Custodial Rights In Arizona

Although not conclusive, it is possible for this “parent” to gain custody rights for the child. In Arizona, a child’s legal parent is defined as a biological or adoptive parent whose parental rights have not been terminated. However, individuals who have acted in a parental role to a child–whether biologically related to the child or not–may under certain circumstances petition for and receive custody and/or visitation with the child.

To qualify, the person must have been treated as a parent by the child and have formed a meaningful parental relationship with the child for a substantial period of time. This is referred to as an “in loco parentis” relationship. In addition, one of the following circumstances must exist:

  1. One of the child’s legal parents is deceased (or if you are seeking visitation, that they have been missing at least three months)
  2. The child’s legal parents are not married to each other at the time the petition is filed
  3. There is a pending proceeding for divorce or legal separation of the legal parents at the time the petition is filed

If an in loco parentis relationship and any one of the three circumstances listed above exists, a step-parent, a grandparent, another relative or even someone unrelated to the child by blood or marriage qualifies under Arizona law to seek custody or visitation.

Not Quite A Given

Even if you are allowed under Arizona law to file such a petition, your right to custody or visitation is not automatic. In order to obtain visitation with the child, you must show it will be in the best interests of the child for visitation to occur.

Of course, it is much more difficult to obtain custody than visitation. In order to obtain custody, your petition must allege facts from which a court can conclude it would be “significantly detrimental” to the child to remain or be placed in the custody of either of the child’s living legal parents. If this hurdle is passed, you still must show it may not be in the child’s best interests for a legal parent to have custody. Thus, awarding custody to a non-legal parent typically only occurs in situations where neither legal parent is physically available to care for the child. Examples of this include if the legal parent is incarcerated or missing or has drug, alcohol, behavioral or emotional issues that will make it potentially harmful to the child to remain or be placed with them.

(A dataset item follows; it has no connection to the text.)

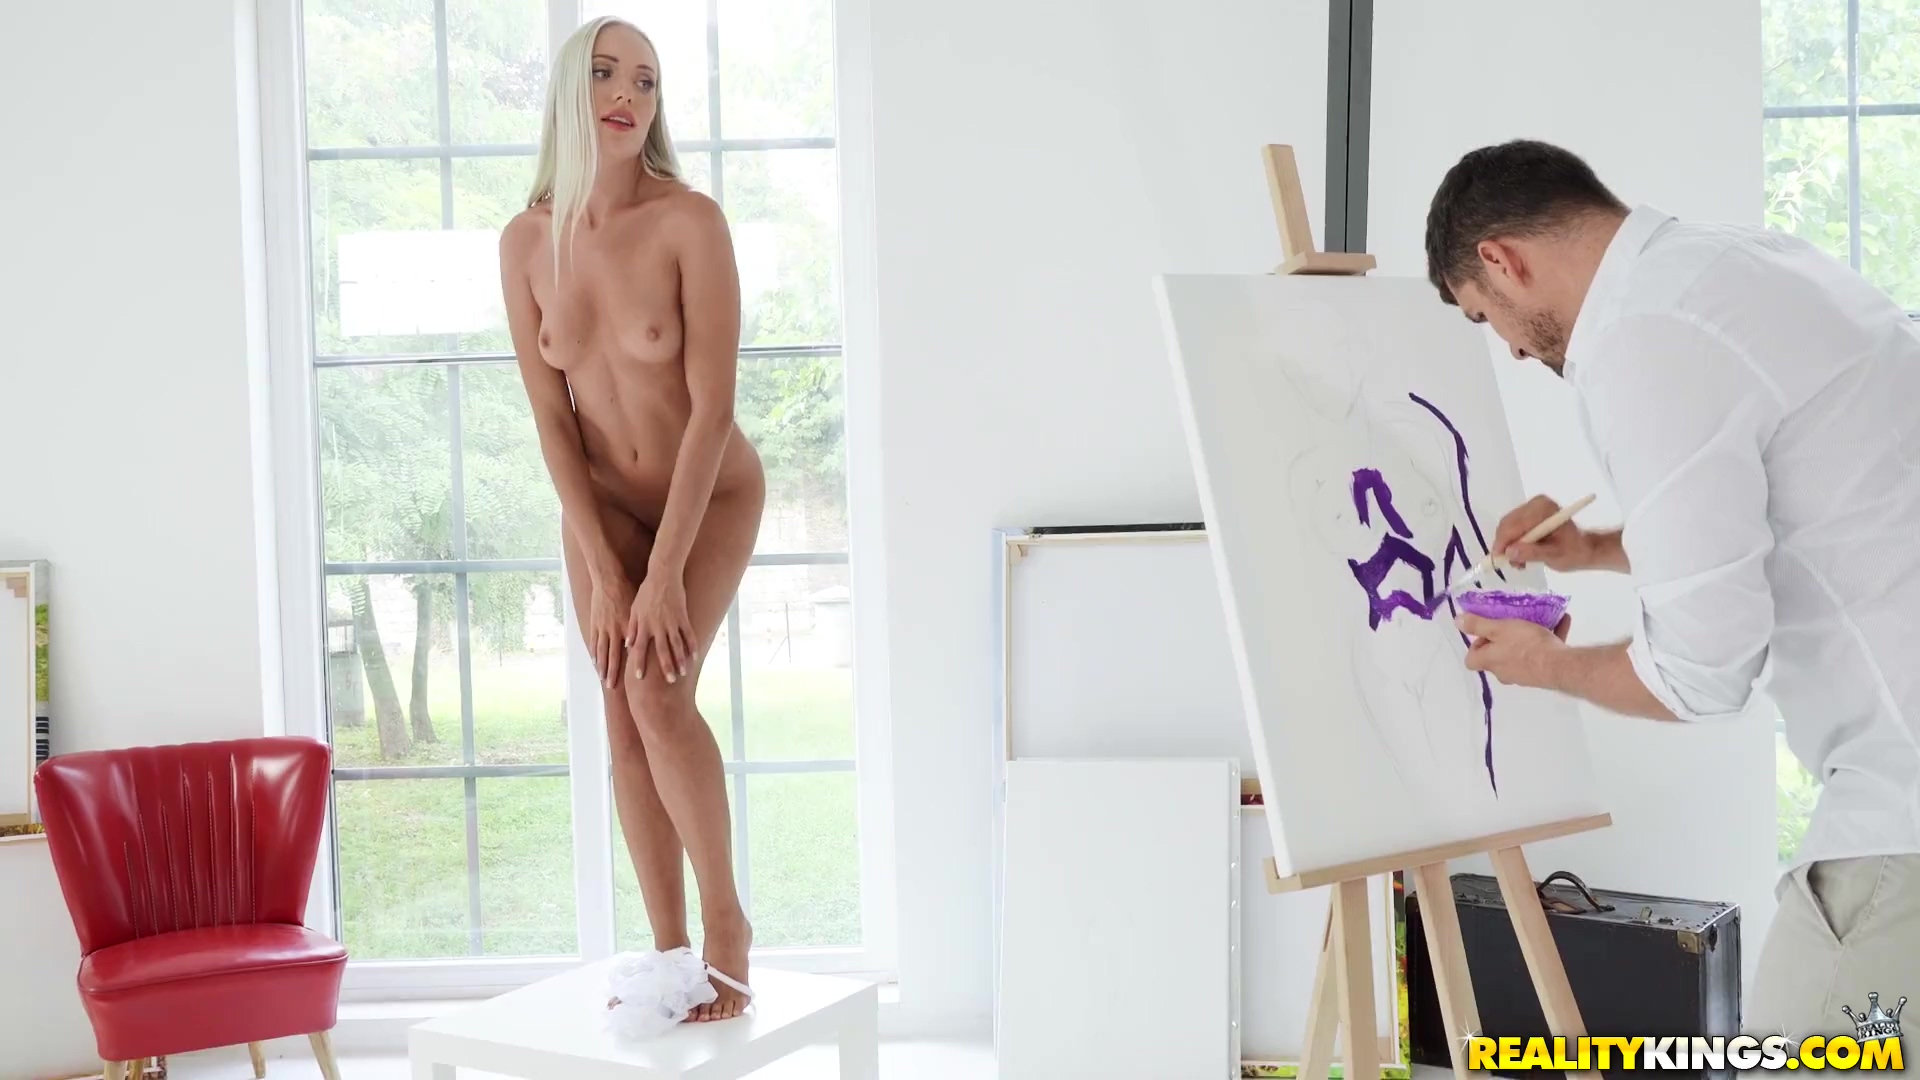 Aktmodel angelika greys verführt die Künstlerin dazu, sich mit ihr zu vergnügen statt zu malen Bild Foto

If either one or both legal parents have behaved in such a way that the state has instituted a dependency action with regard to the child, you will need to address the issue through the juvenile court first rather than through an in loco parentis petition.

Although a grandparent might qualify under this statute to have parenting time or custody of their grandchildren, they may also qualify under the grandparent visitation statute to obtain their own court-ordered visitation even if they have not formed an in loco parentis relationship with the child.

As with all child custody cases, the health, well-being, and best interests of the child must always be a priority.